Welfare reforms are a cynical attack on disability benefits, charities say

Welfare changes meaning people will lose their benefits if they do not look for a job will tackle a current “waste of potential” in the population, the Chancellor has said, though campaigners have accused the Government of punishing people by framing disability as a lifestyle choice.

Jeremy Hunt said he wants to help the sick, disabled and long-term unemployed back into work – accusing Labour of offering compassion through money while Conservatives prefer to give “opportunity”.

Mr Hunt quoted post-pandemic figures of more than seven million adults of working age, excluding students, who are not employed, despite a million vacancies in the economy.

He said while “many can and want to work” the “system makes that too hard”.

The £2.5 billion back-to-work plan had been long-trailed ahead of the autumn statement, with the Treasury announcing last week that free prescriptions and legal aid will be cut off for benefit claimants who are deemed fit to work and do not seek employment, while digital tools will be used to “track” attendance at job fairs and interviews.

Addressing MPs in Parliament on Wednesday, Mr Hunt said: “Every year we sign off over 100,000 people on to benefits with no requirement to look for work because of sickness or disability.

“That waste of potential is wrong economically and wrong morally.”

Mr Hunt said the changes, which will see treatment rather than time off become the default when it comes to sick notes and benefits stopped altogether if people “choose not to engage with the work search process for six months”, will help grow the economy.

He said the work capability assessment will be reformed “to reflect greater flexibility and availability of home-working after the pandemic” and outlined £1.3 billion in spending over the next five years which he said will be focused on helping nearly 700,000 people with health conditions find jobs.

He added: “Over 180,000 more people will be helped through the universal support programme, and nearly 500,000 more people will be offered treatment for mental health conditions and employment support.

“Over the forecast period, the OBR (Office for Budget Responsibility) judge these measures will more than halve the flow of people who are signed off work with no work-search requirements. At the same time, we will provide a further £1.3 billion of funding to offer extra help to the 300,000 people who’ve been unemployed for over a year without any sickness or disability.”

The work capability assessment changes will apply to new claims only, with the reform coming in from 2025 onwards, the Government said.

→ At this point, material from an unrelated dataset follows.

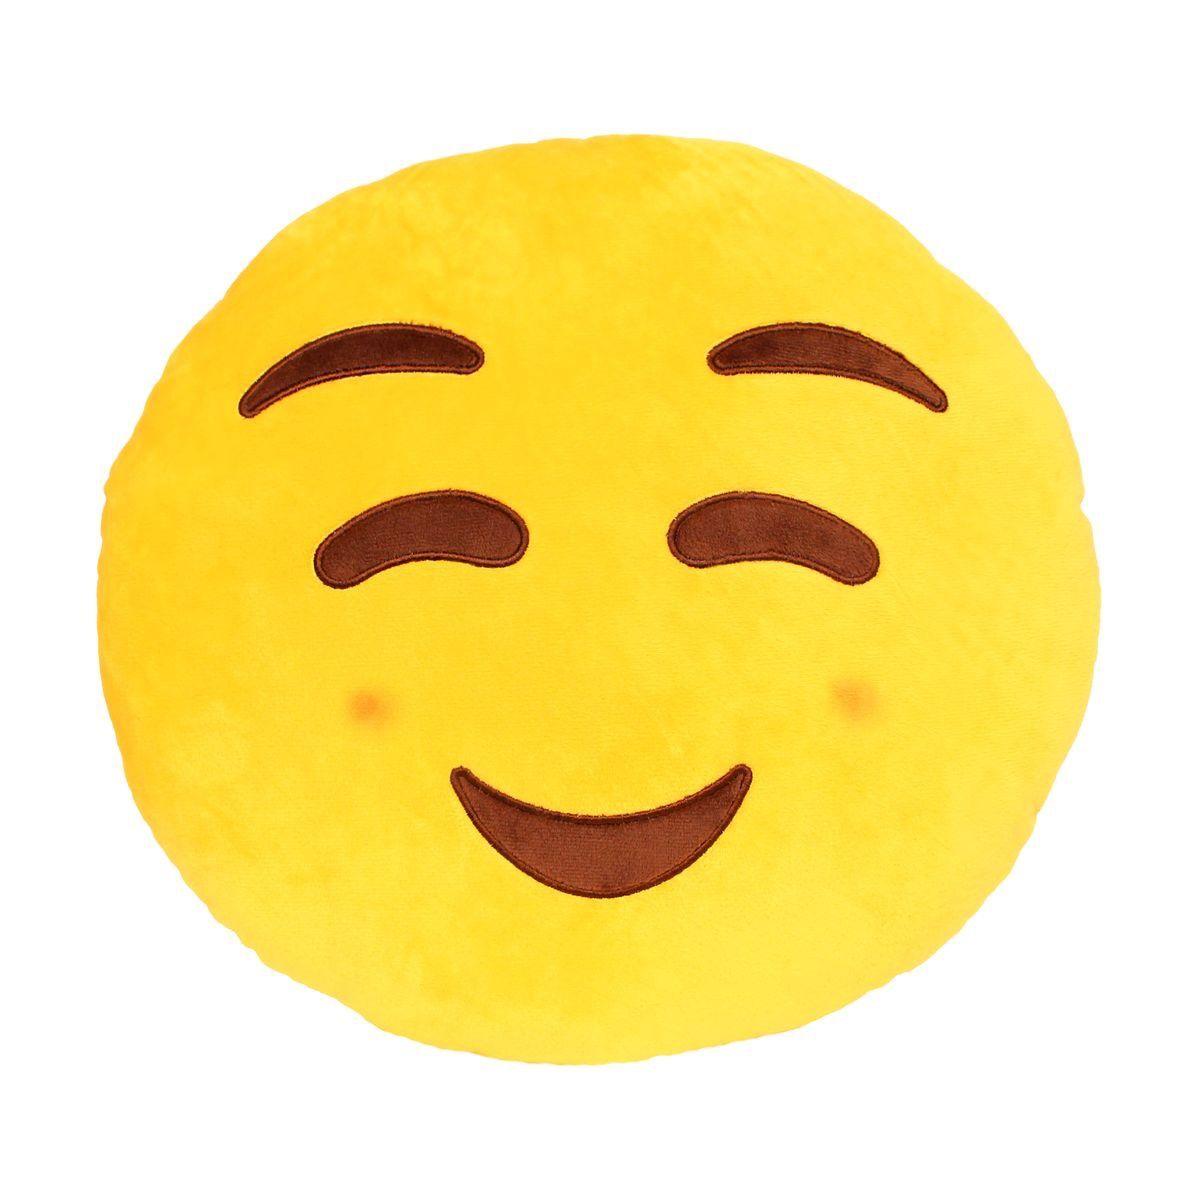 Pin By Valerie Clark On Emoji Lovers

The Disability Benefits Consortium, a national coalition of more than 100 charities, described the Government’s plan as a “cynical attack on disability benefits (which) will have a devastating impact on those on the lowest incomes”.

Anastasia Berry, policy co-chair of the consortium, said just one in 10 jobs advertised this year has offered home-working as an option, and described access to health and care support, “which could keep people in work for longer, including mental health and social care”, as becoming “increasingly strained”.

United Response, a member of the consortium, said there is “little point forcing people into the wrong job as this will simply lead to a revolving door of staff” and called for “targeted and specialist support” for people “rather than using punitive punishments”.

Its chief executive Tim Cooper (pictured) said: “Disability should not be framed as a lifestyle choice when there is a real risk of sanctions pushing people already dealing with a cost-of-living crisis further into poverty this winter.”

Mr Hunt’s statement on the change was a “missed opportunity to set out how disabled people can thrive” and “instead, now many will be thinking how they will survive”, said James Taylor from disability equality charity Scope.

He said: “Today the Chancellor doubled down on a plan that will ramp up sanctions and demonises disabled people.”

As part of its back-to-work plan, the Government is also expanding NHS Talking Therapies, which help people with mild and moderate mental health conditions including stress, anxiety and depression.

Ministers said funding would be provided to broaden access to the treatment and increase the number of sessions each person can access.

The move will lead to an estimated 384,000 additional people completing a course of treatment by 2028/29, according to Treasury documents.